Sandeau, LÉONARD SYLVAIN JULES, French novelist and playwright, was born at Aubusson in Creuse, February 19, 1811, and went at an early age to Paris to study law, but soon gave himself entirely to letters. His short-lived intimacy with George Sand produced one joint-novel, Rose et Blanche (1831), and suggested to the more famous of the pair her literary name. Sandeau's first independent novel was Madame de Sommerville (1834), his first hit Mariana (1839). These were followed by a long series of novels, many of which first appeared in the Revue de Deux Mondes; the best La Maison de Penarvan, Mademoiselle de Kérourac, Mademoiselle de la Seiglière, Le Docteur Herbeau, Cathérine, Madeleine, Jean de Thommery, and among shorter stories, perfect in their kind, La Château de Montsabrey, Le Jour sans Lendemain, and Un Début dans le Magistral.
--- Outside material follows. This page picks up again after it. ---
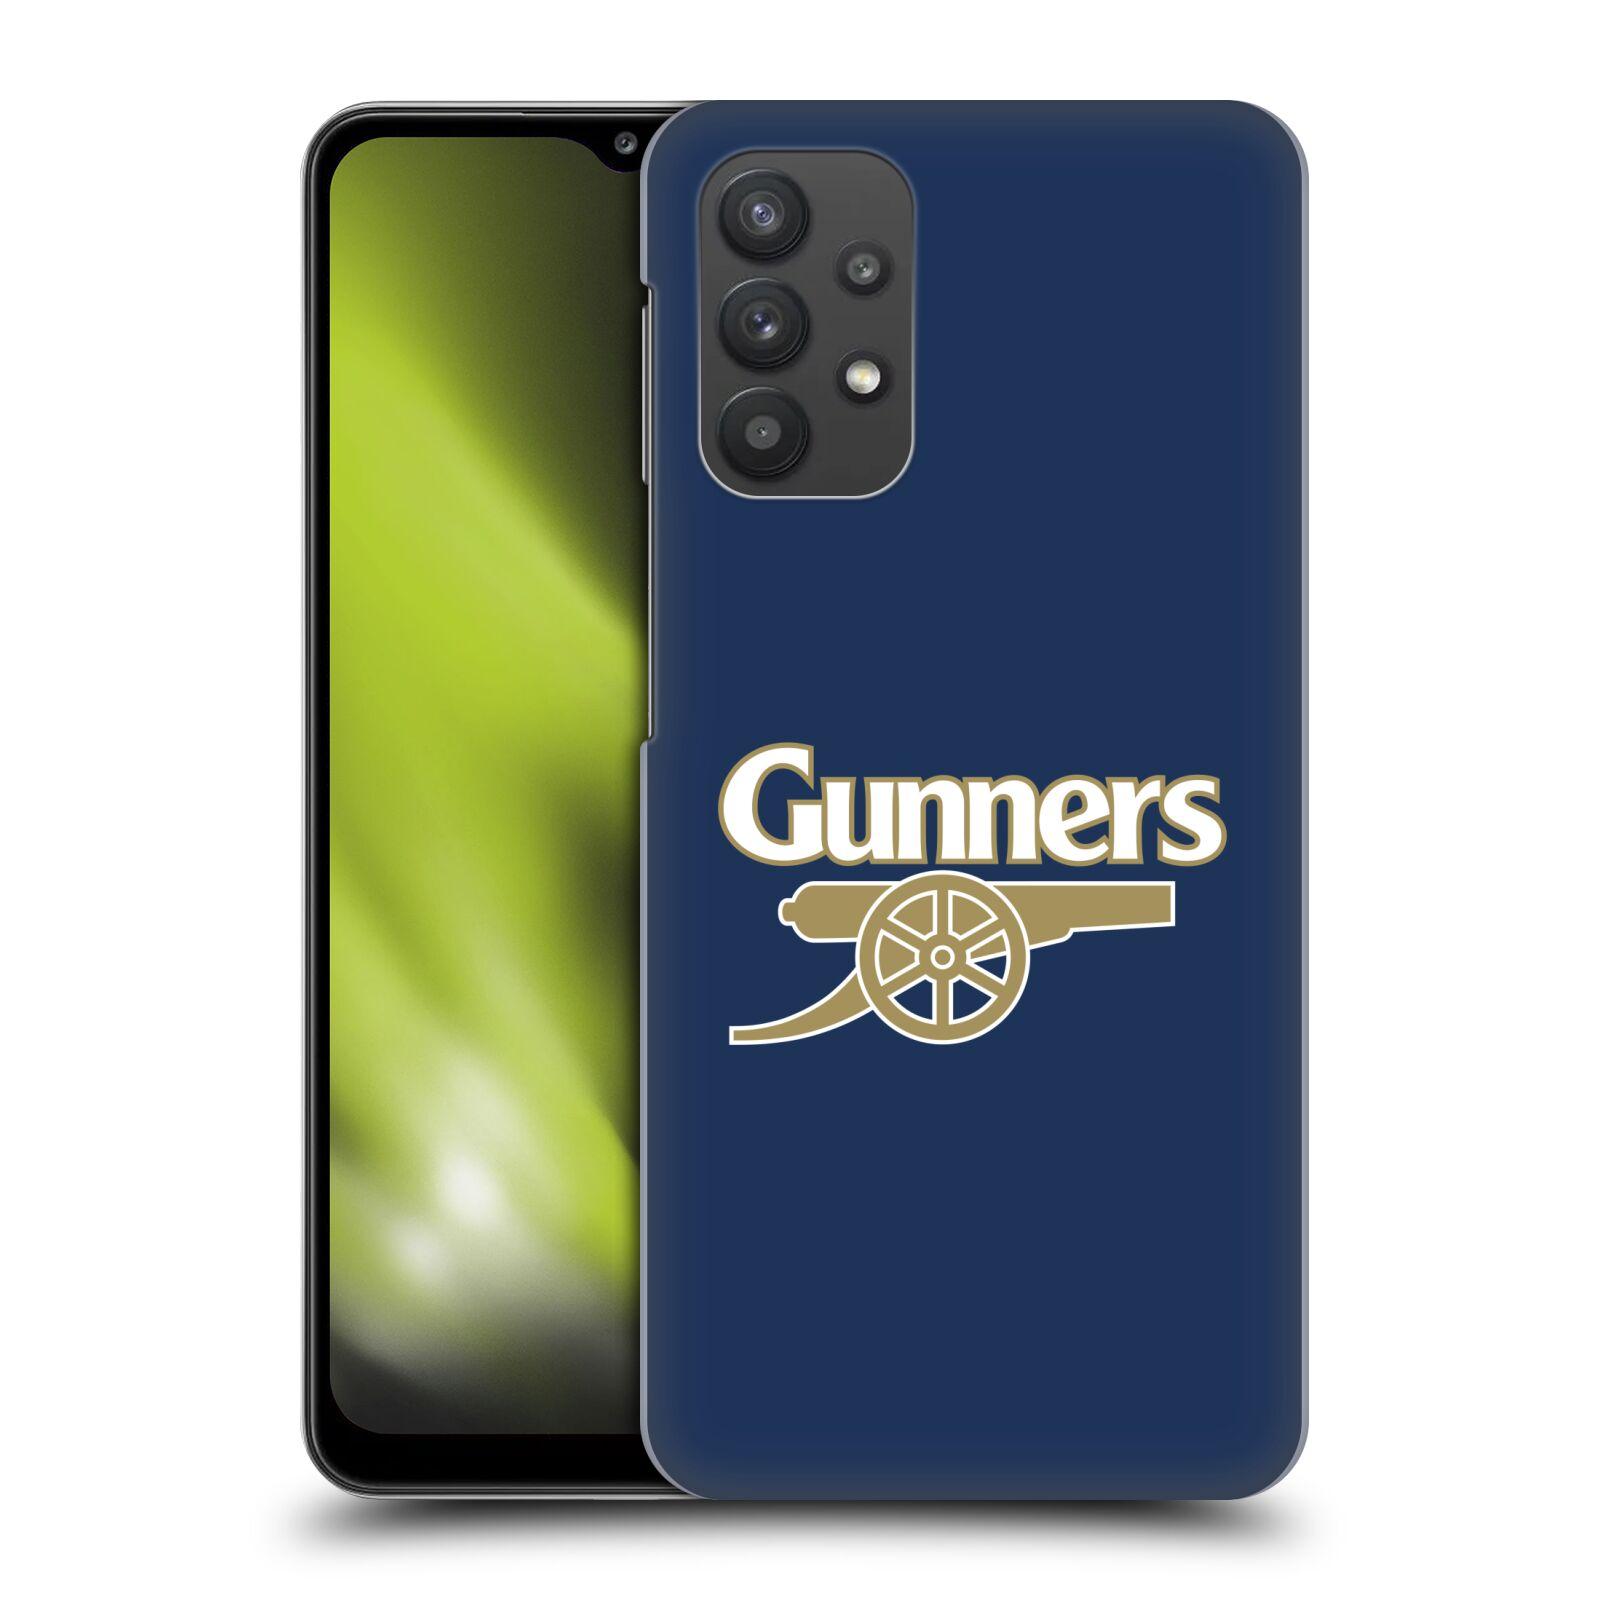 Plastové pouzdro na mobil Samsung Galaxy A32 5G - Head Case - Arsenal FC - Gunners

As a dramatist Sandeau collaborated much with Émile Augier, his most celebrated plays being Le Gendre de M. Poirier, La Pierre de Touche, and La Cinture dorée. Sandeau became keeper of the Mazarin Library in 1853, was elected to the Academy in 1858, and appointed librarian at St Cloud in 1859. He died at Paris, 21st April 1883. As a novelist he never attained the popularity of some of his contemporaries, most probably because he steadily refused to make illicit love the staple of his plots. A pleasing style of reflection and an honest interest in the past are characteristic notes; his range of subjects is small and mostly confined to provincial life, but the work is fine, the characters distinct. See Saintsbury's Essays on French Novelists (1891).